NOTICE TYPE: Defamation

Legal Complaint
Dear Google, I want to discuss the defamatory page that has been created, and I wish to submit it for removal from google searches for ‘Bioceutica’. https://www.washingtonpost.com/news/wonk/wp/2016/03/23/the-trump-network-sought-to-make-people-rich-but-left-behind-disappointment/?noredirect=on&utm_term=.90919a6e392f I have familiarised myself with Google’s defamation policy and have determined that the web page was clearly made to make my company appear fraudulent and deceptive. Defamation is defined as “the communication of a statement that makes a claim, expressly stated or implied to be factual, that may give an individual, business, product, group, government, or nation a negative image.” This webpage is suggesting that the Bioceuitca brand runs under a multi-level marketing system, through the term ‘as part of a controversial business model known as multilevel marketing, in which companies pay salespeople commissions for se …

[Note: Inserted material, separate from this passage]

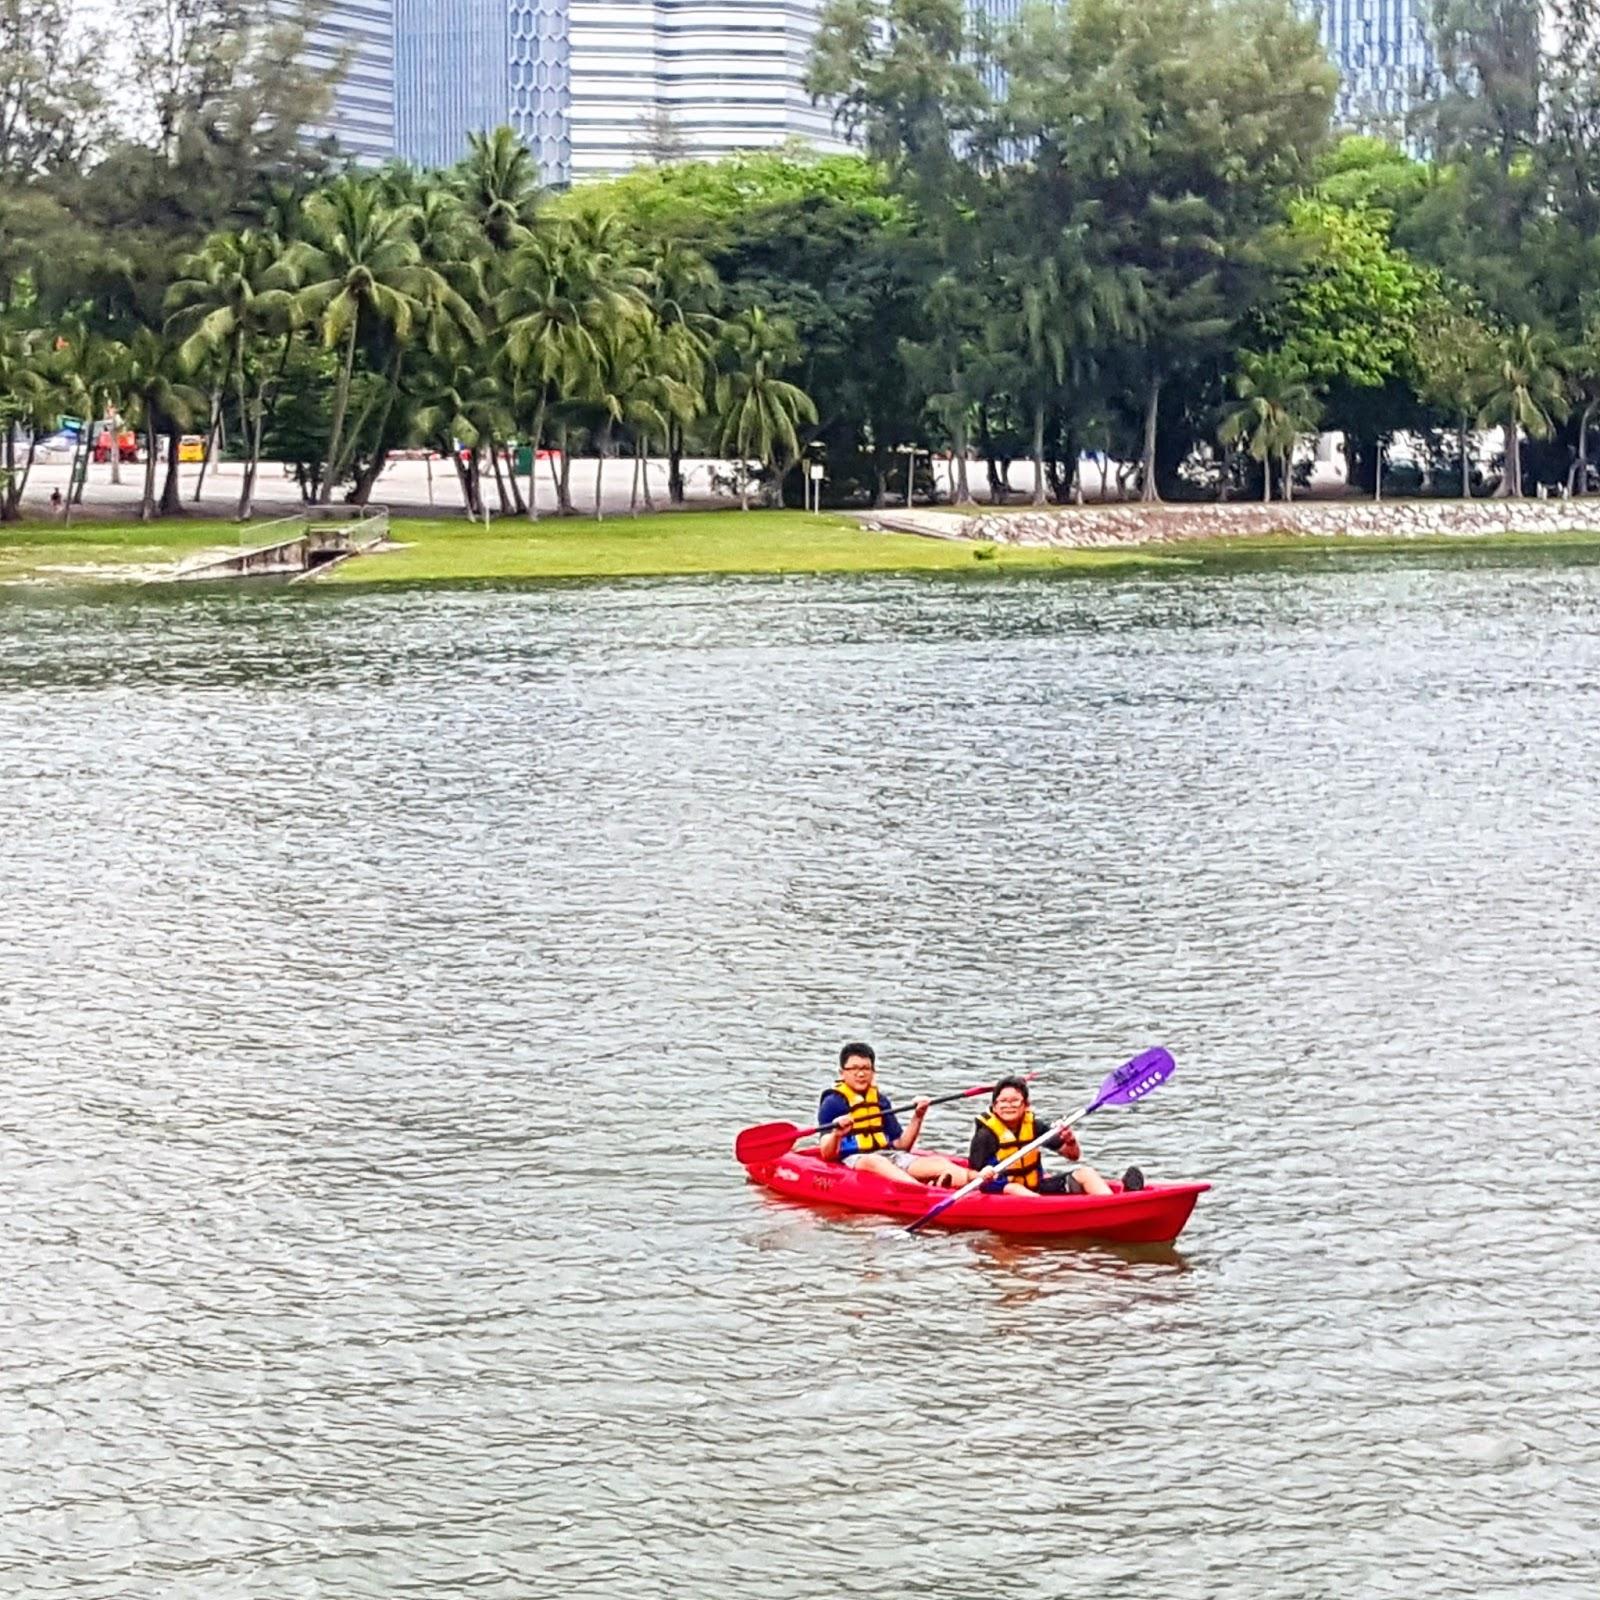 Denver Kayaking: The HENG Family Travel & Lifestyle Blog: Kayaking And

And here is another complaint from April 2018 that sought to remove Quackwatch’s “Scaremongerish claims against Bioceutica’s PrivaTest”:

Defamation Complaint to Google

SENDER
REDACTED
COUNTRY: GB

RECIPIENT
Google LLC
[Private]
Mountain View, CA, 94043, US

SUBMITTER
Google LLC

Re: Unknown
SENT VIA: UNKNOWN

NOTICE TYPE: Defamation

Legal Complaint
I would like this URL omitted from the search results for ‘Bioceutica’ and ‘Privatest’. I understand that this will not remove the above URL from the internet entirely, but it will prevent this URL from being prominent in the searches for the above terms. The above URL is for a site that states itself as ‘Your Guide to Quackery, Health Fraud, and Intelligent Decisions’. And makes outdated, false, and Scaremongerish claims against Bioceutica’s PrivaTest. It claims that the company is making ‘Illegal Health Claims’, However, the documents it cites containing these illegal health claims are the creation and property of ‘Ideal Health’. This is despite the author earlier confirming that Ideal Health sold the PrivaTest to Antoine Nohra of Montreal, Canada thus becoming the property Bioceutica. This means subsequently, that Ideal Health’s 28-page “Opportunity Presentation” which the author states contains illegal claims is in no way r …

To read the complaint against STAT News, click here.

It does not appear that Google has removed any of the targeted URLs from its search results.

Bioceutica’s founder Antoine Nohra did not reply to a request for comment, although a message on the Bioceutica website says the company ceased operations in September 2018.